- Born: November 29, 1948 St. Cloud, Minnesota, U.S.
- Died: April 4, 1992 (aged 43) Ireland
- Parents: James Farl Powers; Betty Wahl;

= Mary Farl Powers =

Irish-American graphic artist (1948–1992)

Mary Farl Powers (November 29, 1948 – April 4, 1992) was an Irish-American graphic artist.

==Early life and family==
Mary Farl Powers was born on November 29, 1948 in St. Cloud, Minnesota, United States. Her father, James Farl Powers, was an Irish-American writer. She was one of five children. The family moved between Ireland and the US, before settling back in the US in 1975. At this point, Powers remained in Dublin. She moved to Ireland in 1951, studying art in Dublin, first at the Dun Laoghaire School of Art and then the National College of Art. Her sister, Katherine A. Powers, was a writer and worked with Powers at the Graphic Studio Gallery.

== Career ==
Powers exhibited at the Peacock Theatre in 1972. She joined the Graphic Studio in Dublin in 1973, initially specialising in etching, before moving to other forms of printmaking. She exhibited at the International Print Biennale, Ljubljana in 1973. She exhibited widely nationally and internationally.

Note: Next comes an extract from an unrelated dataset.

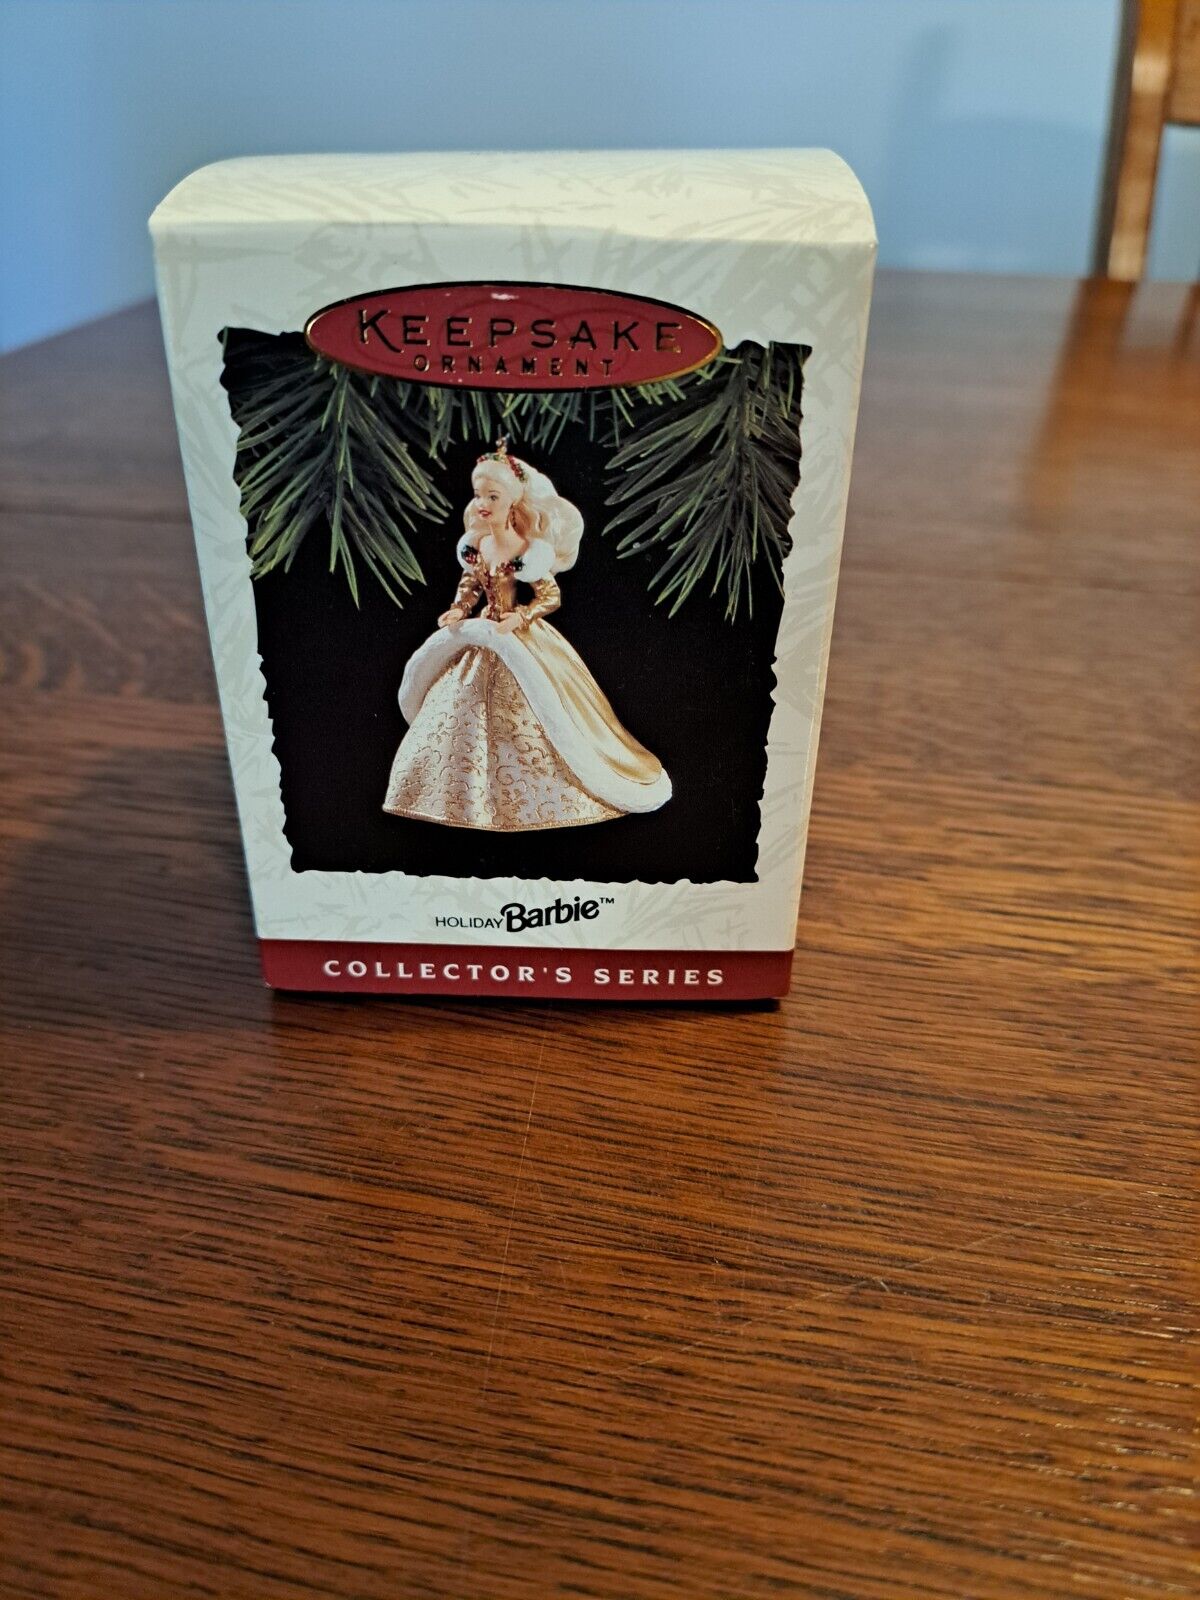 1994 Hallmark Keepsake Ornament Holiday Barbie Collector's Series 2nd in Series

At the 1975 Listowel Graphics Exhibition, she won a gold medal. In 1978, she won a major Arts Council grant and exhibited at the triennial exhibition at Lalit Kala Akedemi, New Dehli. She was elected a member of the Aosdána in 1981. In 1983, she helped found the Graphic Studio Gallery, and served as its director.

Powers died of breast cancer on 4 April 1992.

The Office of Public Works holds 37 works by her. The Hugh Lane Gallery, the Ulster Museum, and the National Gallery of Ireland all hold examples of her work. In 1995, the Irish Museum of Modern Art (IMMA) held a major retrospective exhibition. A Graphic Studio Award for printmakers was established in her memory by the Arts Council in 1996. Her family donated 50 works by Powers to IMMA in 2009.

Powers' partner, Paul Muldoon, wrote the long form poem Incantata in her memory. He wrote it immediately after her death in 1992, but it was premiered in 2018 at the Galway Arts Festival.